### What you should do:
Skip the pictures, please, and write out exactly every line from the one containing "hight resolution of" through the end of the listing below.

### Recorded information:
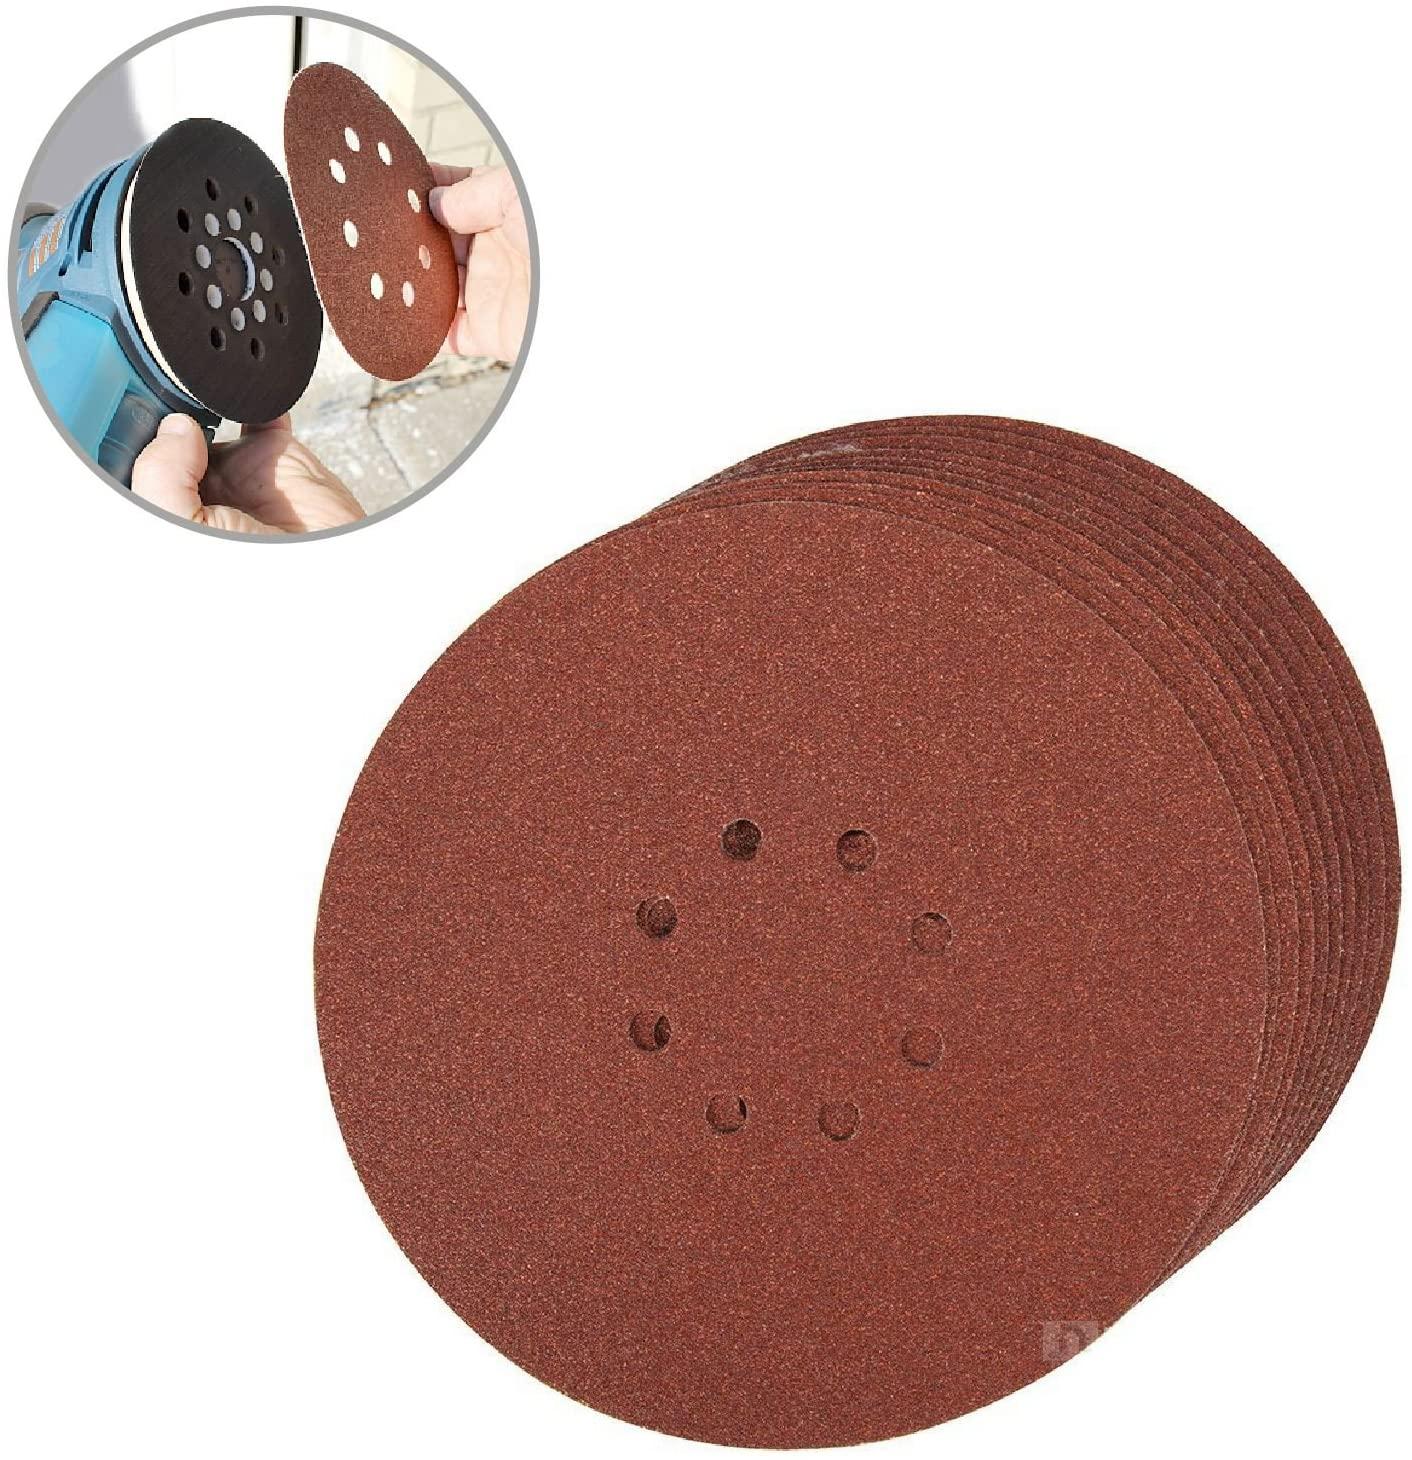 20 x Hook and Loop 225mm Sanding Disc Sheets 80 Grit Palm Sander Orbital Pads
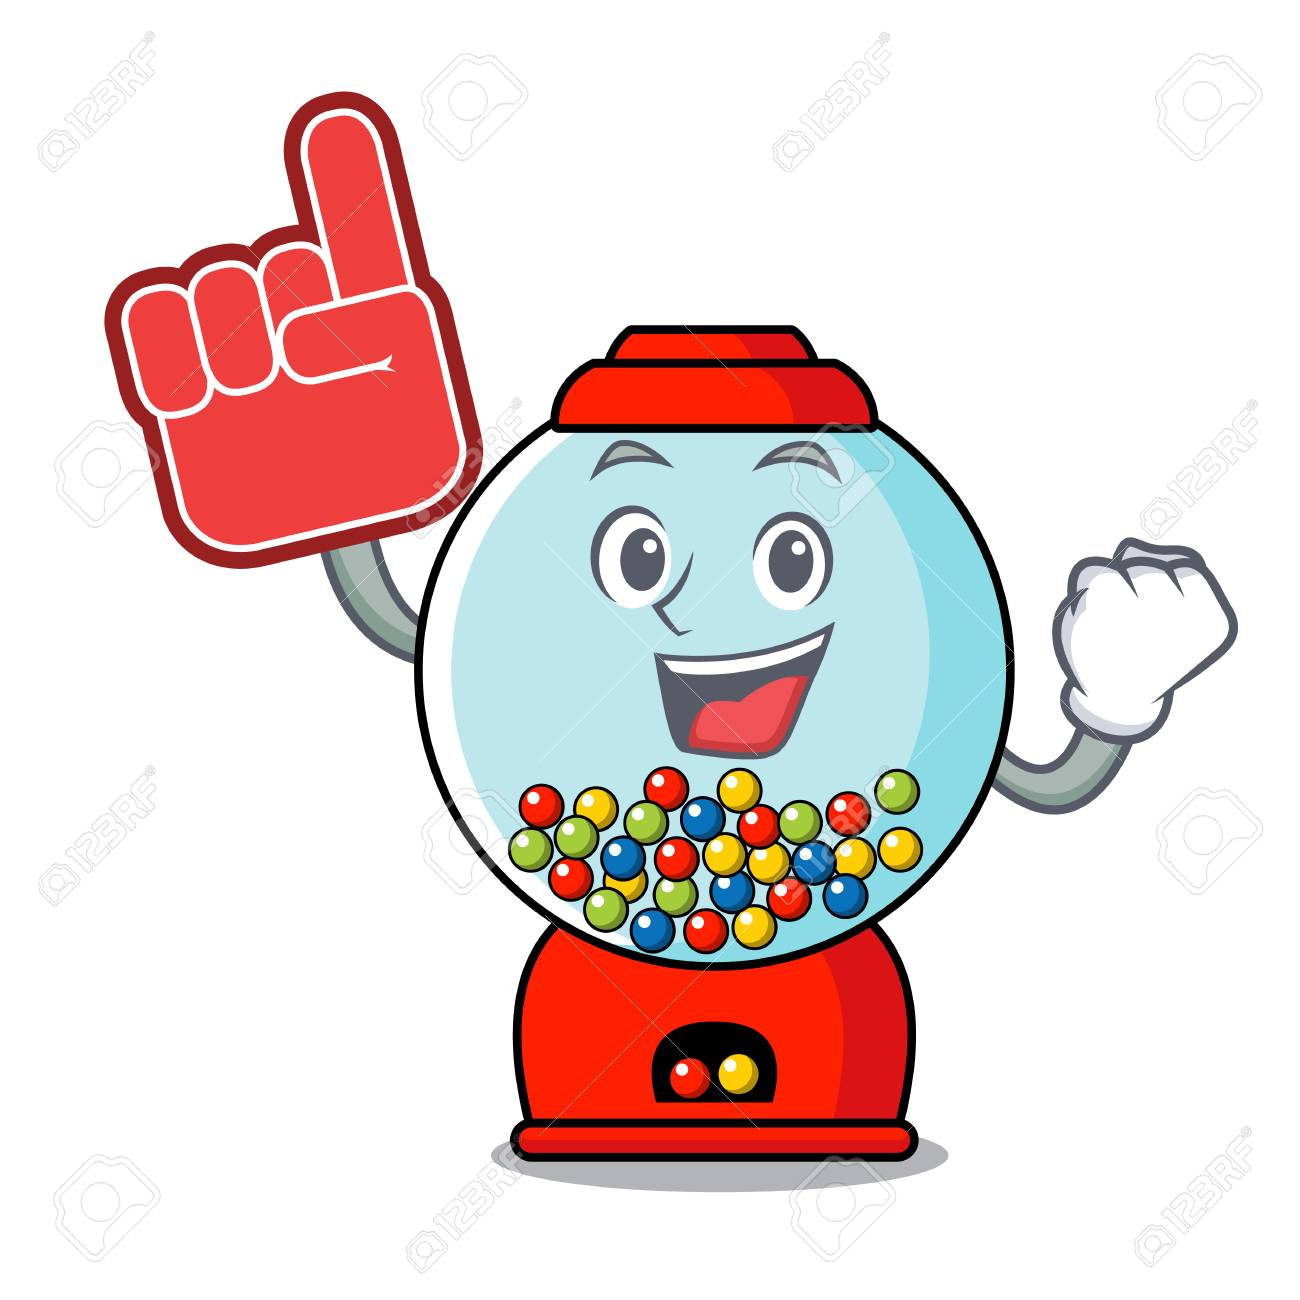 hight resolution of foam finger gumball machine mascot cartoon vector illustration stock vector 103552210
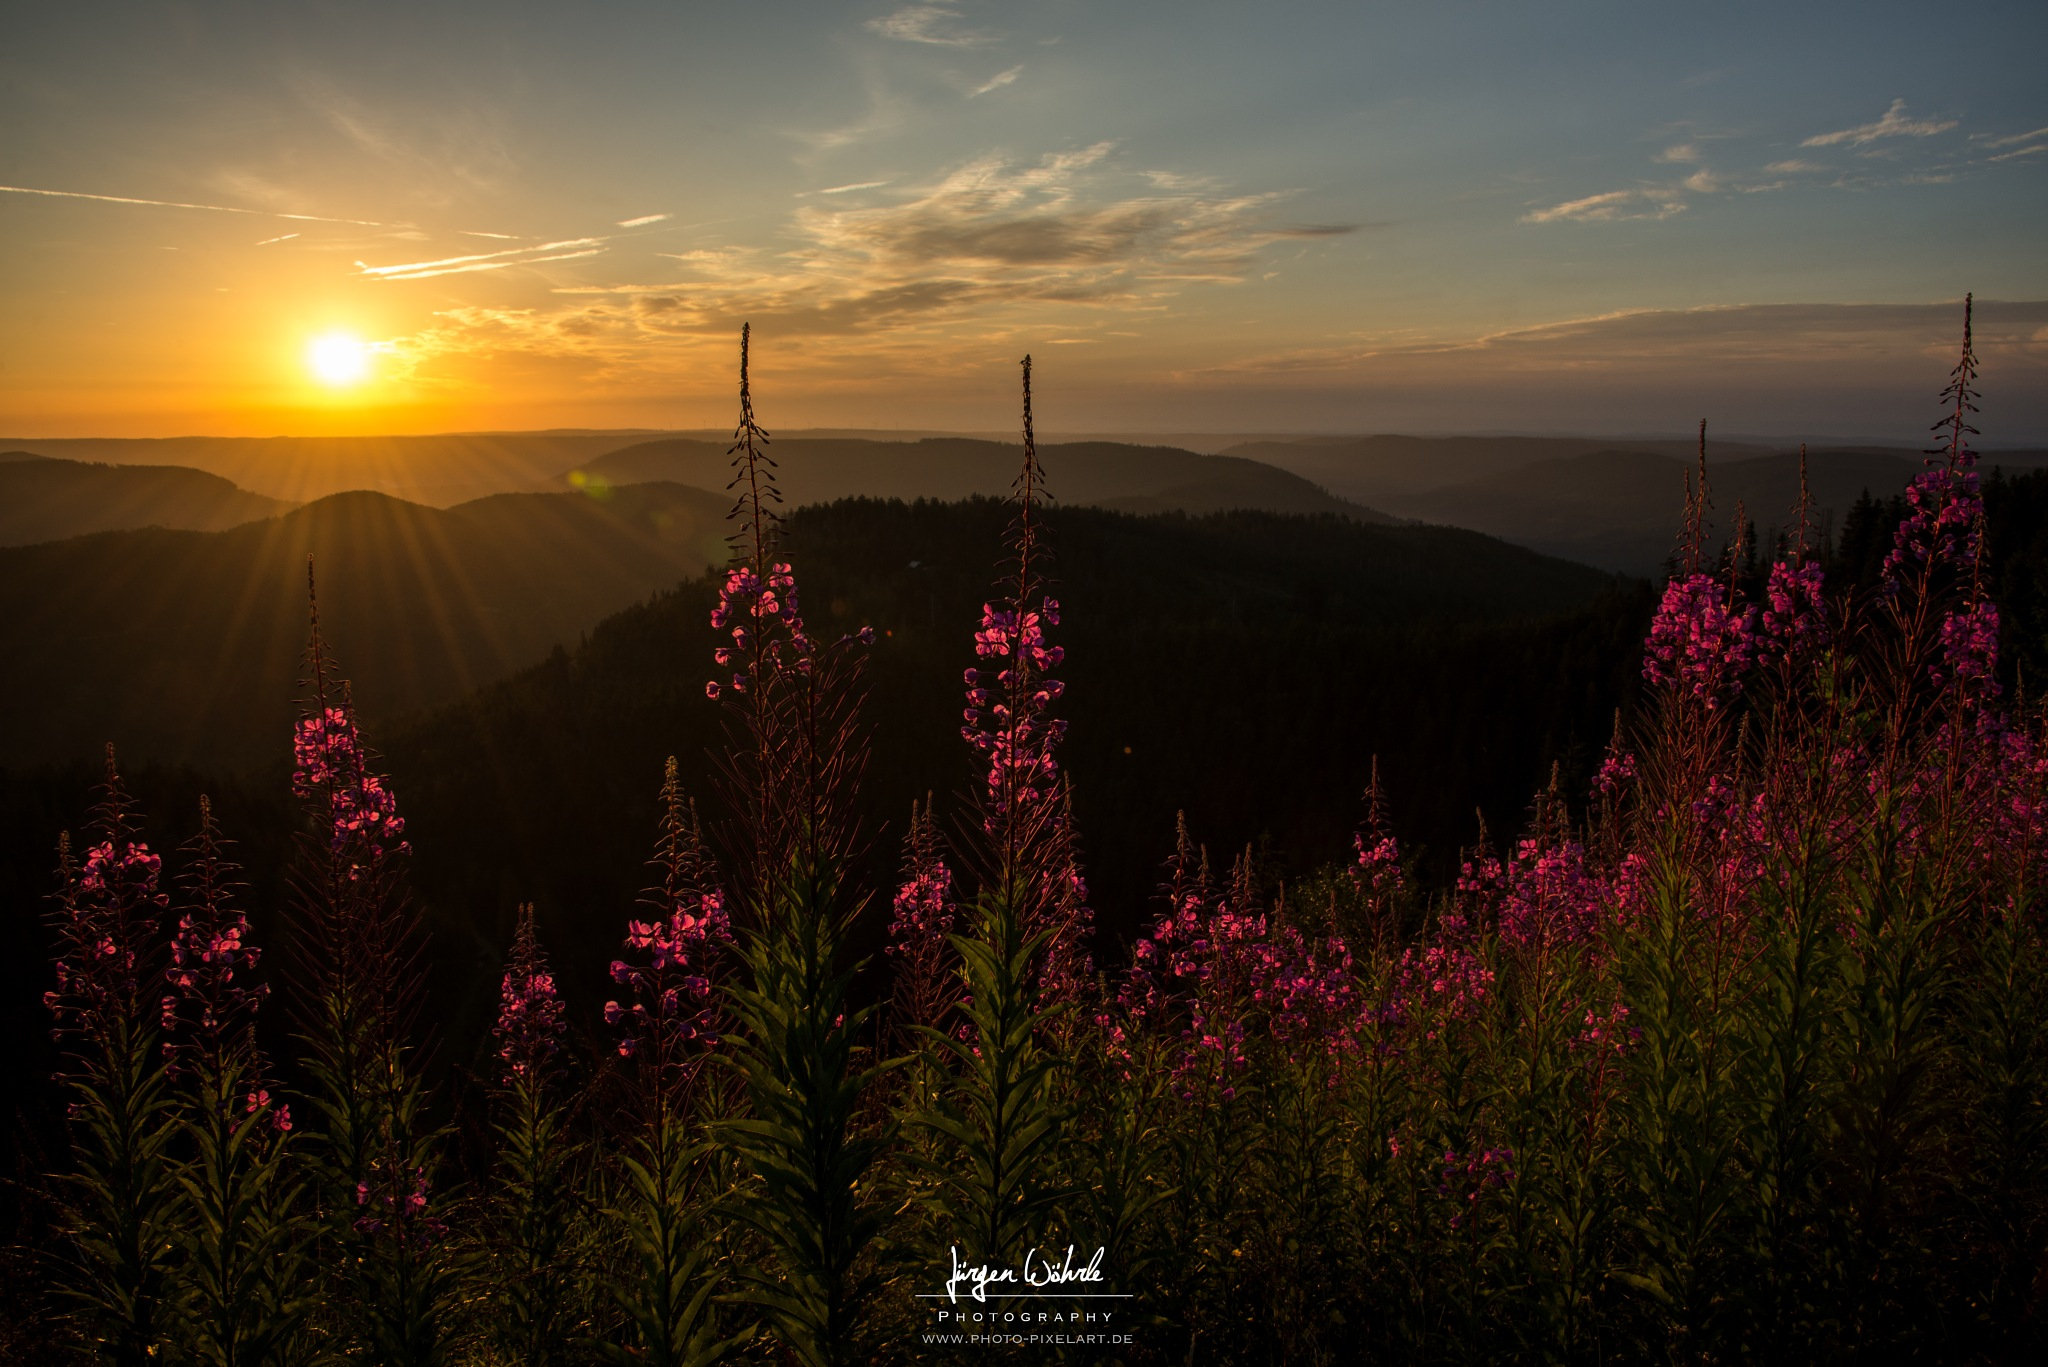 Sunrise by Jürgen Wöhrle by Photo-Pixelart
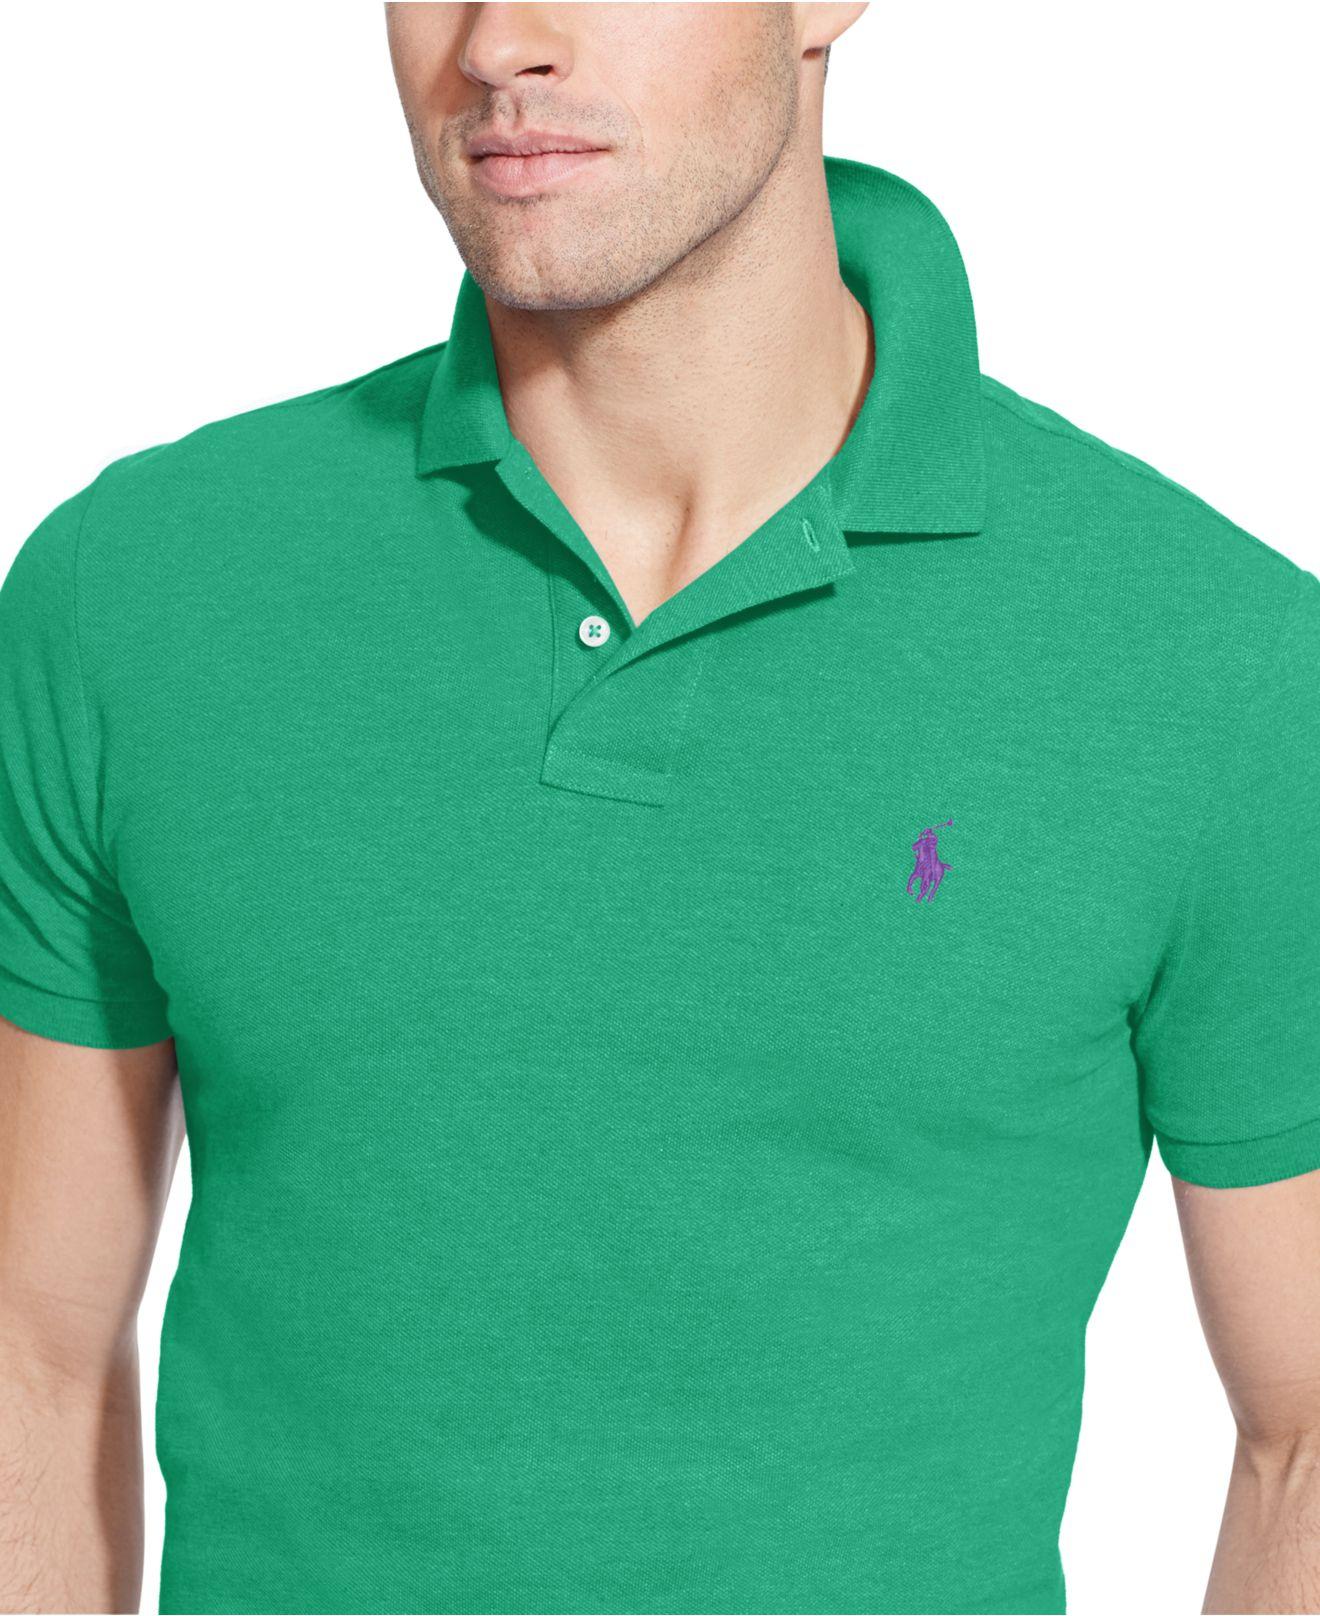 Polo Ralph Lauren Mens Custom Fit Interlock Polo Shirt Bcd Tofu House

### Task output:
 hight resolution of foam finger gumball machine mascot cartoon vector illustration stock vector 103552210
 Sunrise by Jürgen Wöhrle by Photo-Pixelart
 Polo Ralph Lauren Mens Custom Fit Interlock Polo Shirt Bcd Tofu House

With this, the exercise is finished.